_What this task involves_: In the records below, reproduce exactly the lines from the one containing "Baptist Health College" through the one containing "NASA Home product packaging", both included, and omit the pictures.

_Materials provided_:
-.-.-

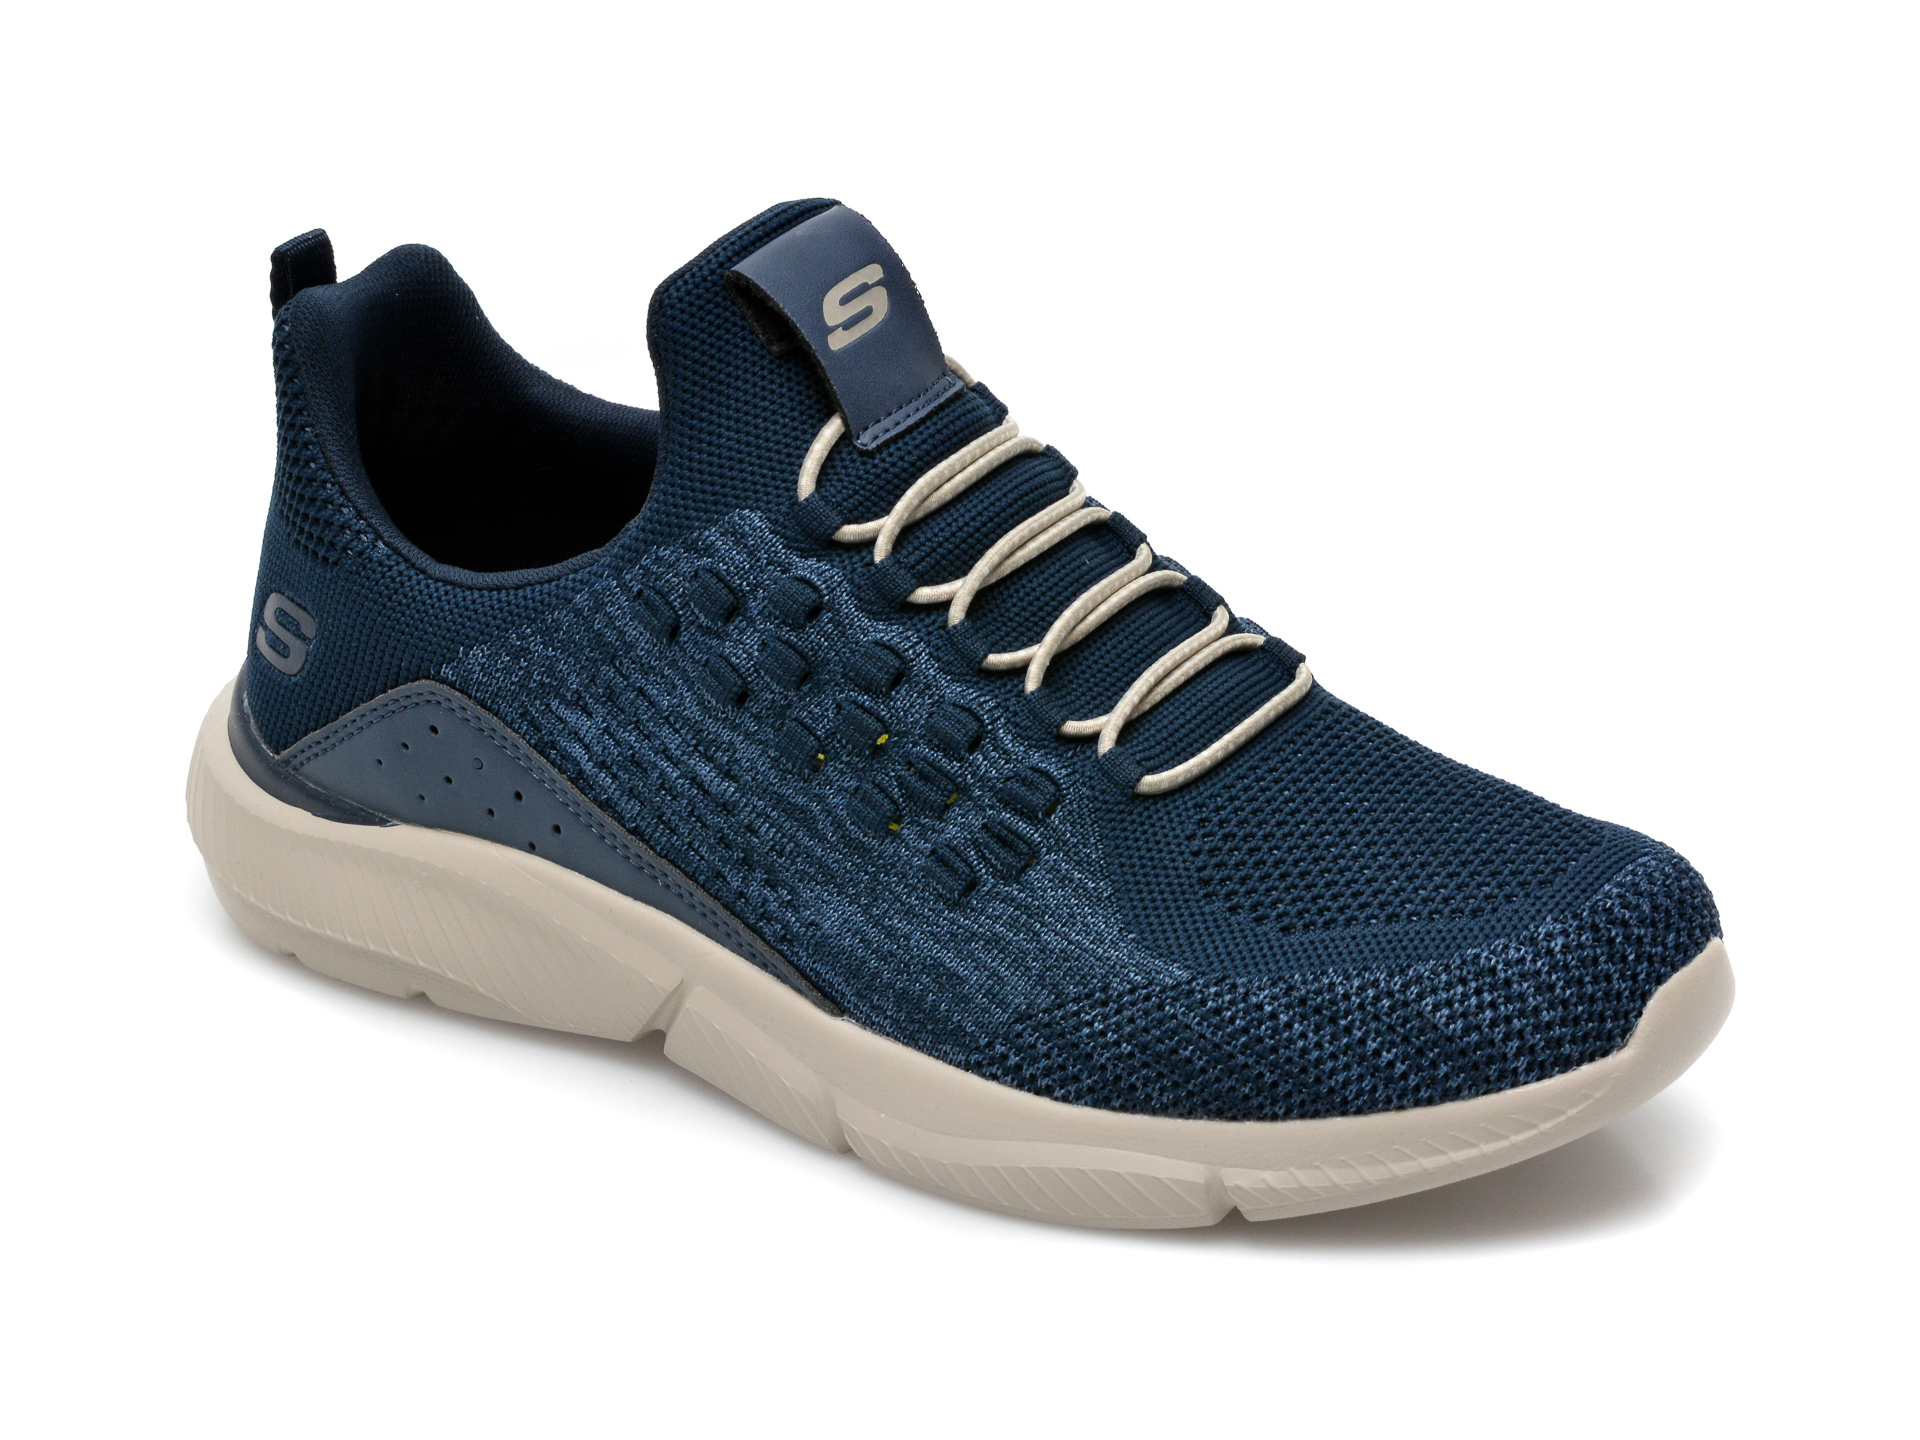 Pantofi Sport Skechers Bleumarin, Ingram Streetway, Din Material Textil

-.-.-

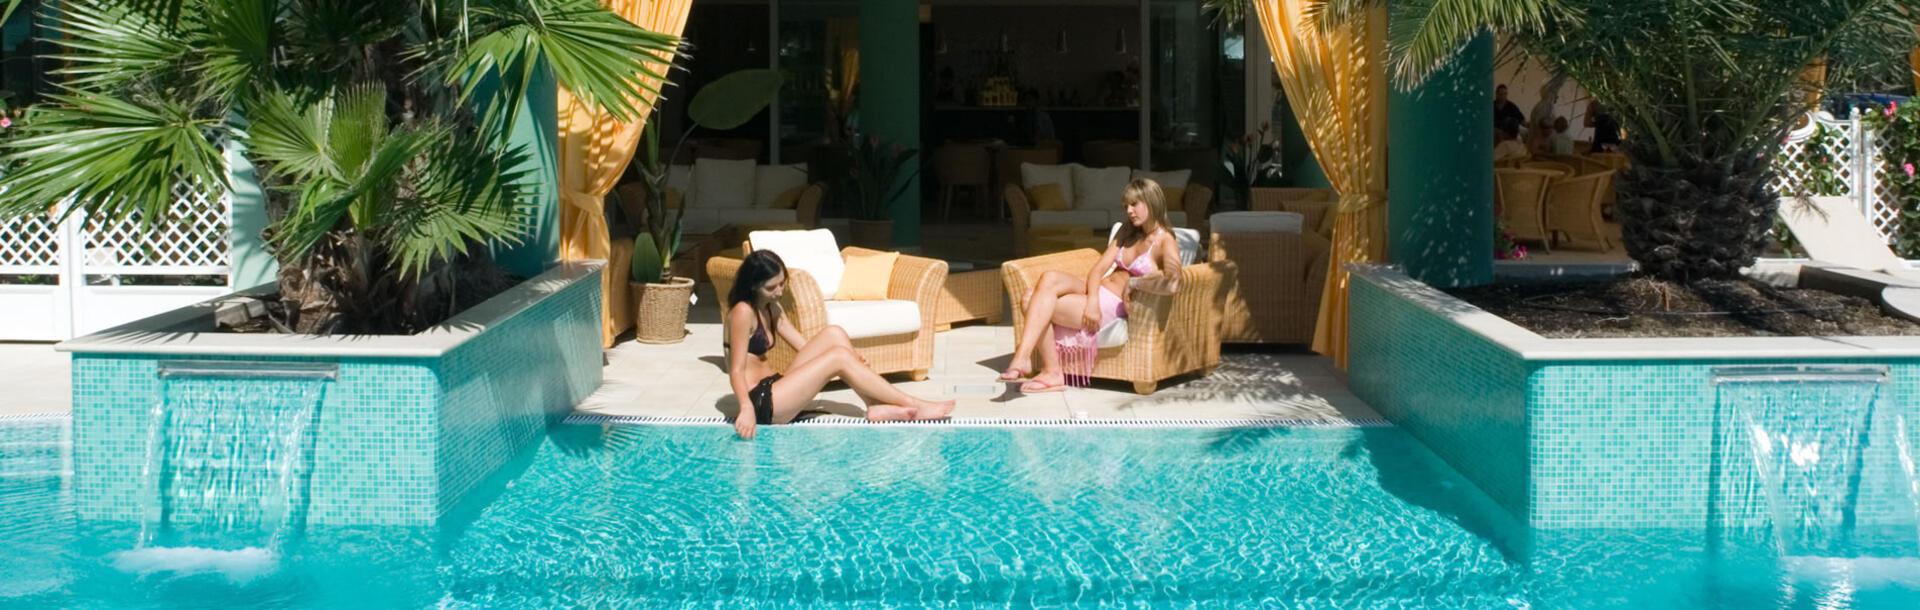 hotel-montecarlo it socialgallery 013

-.-.-

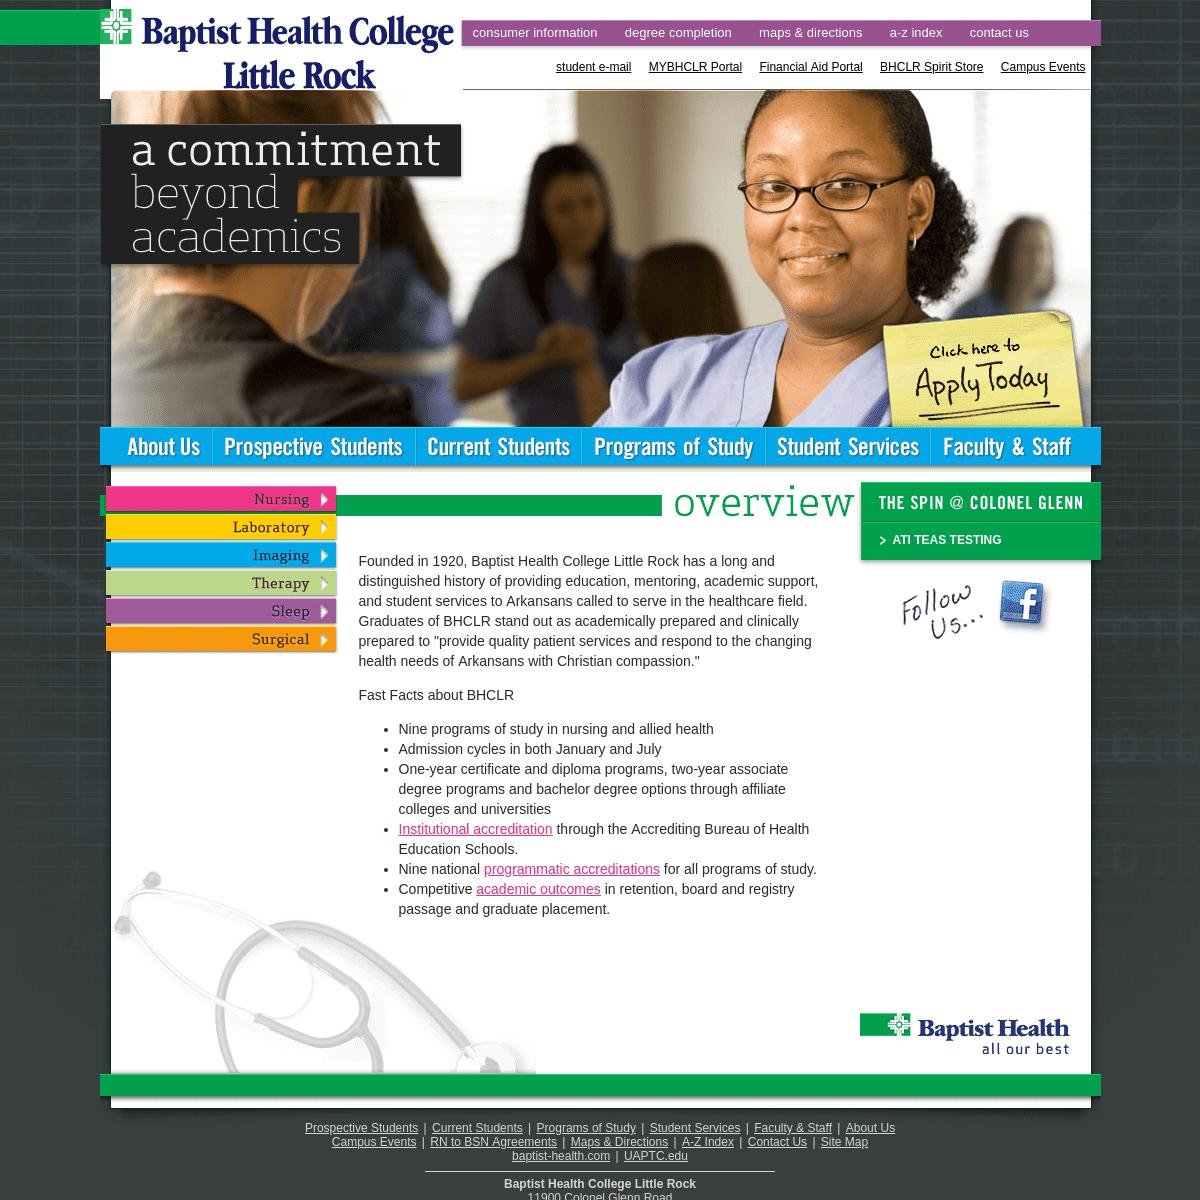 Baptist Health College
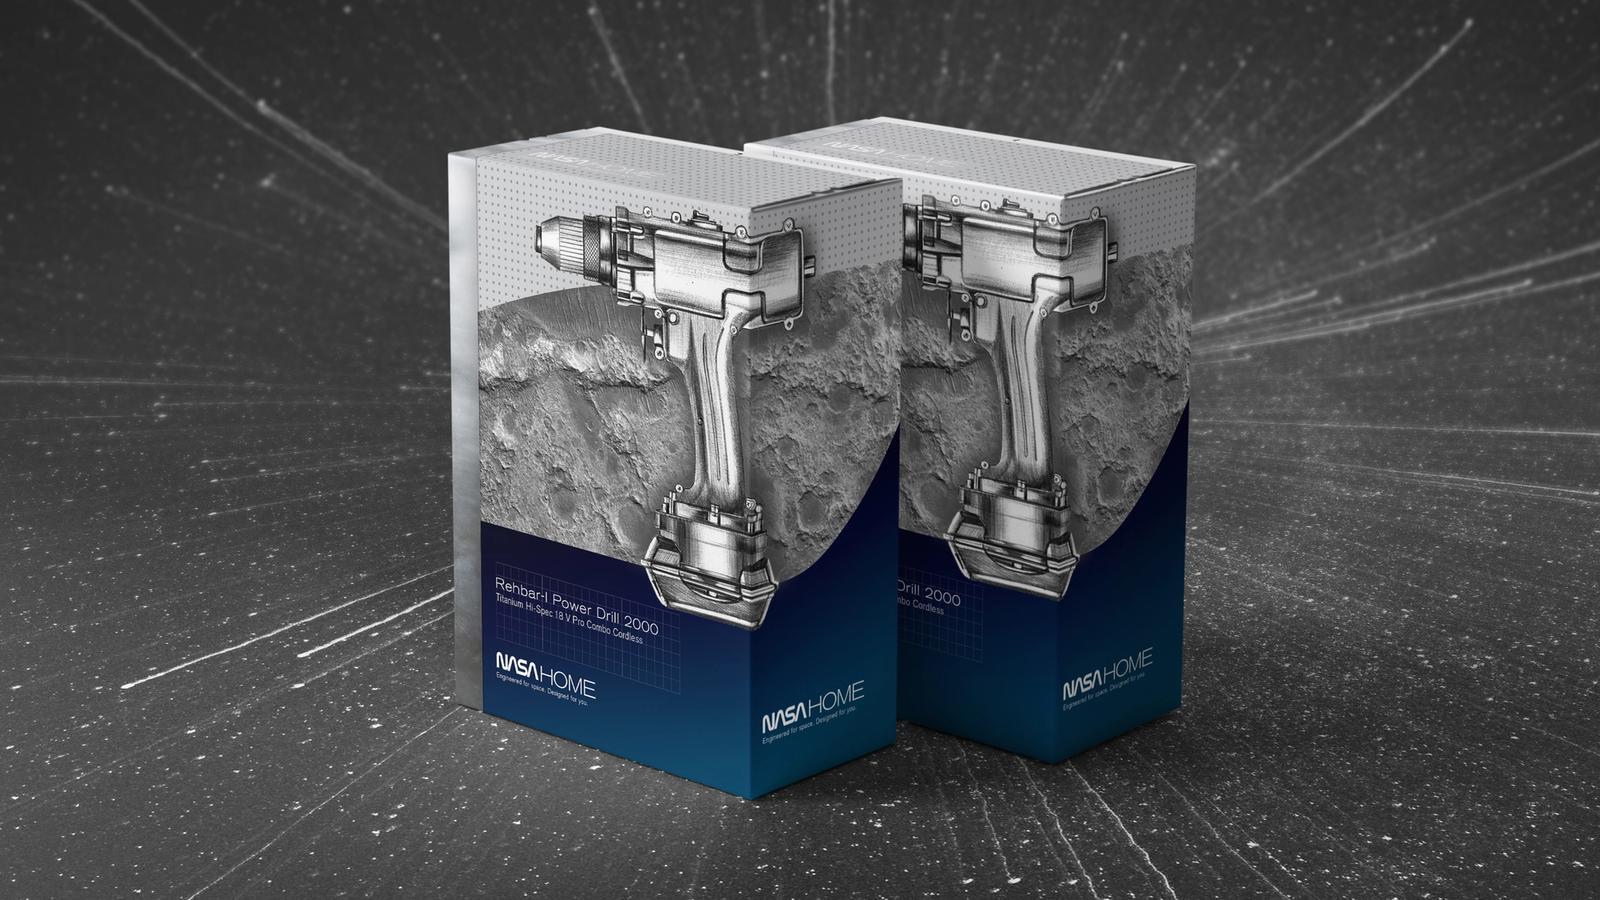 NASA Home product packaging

-.-.-

_Answer for this exercise_:
 Baptist Health College
 NASA Home product packaging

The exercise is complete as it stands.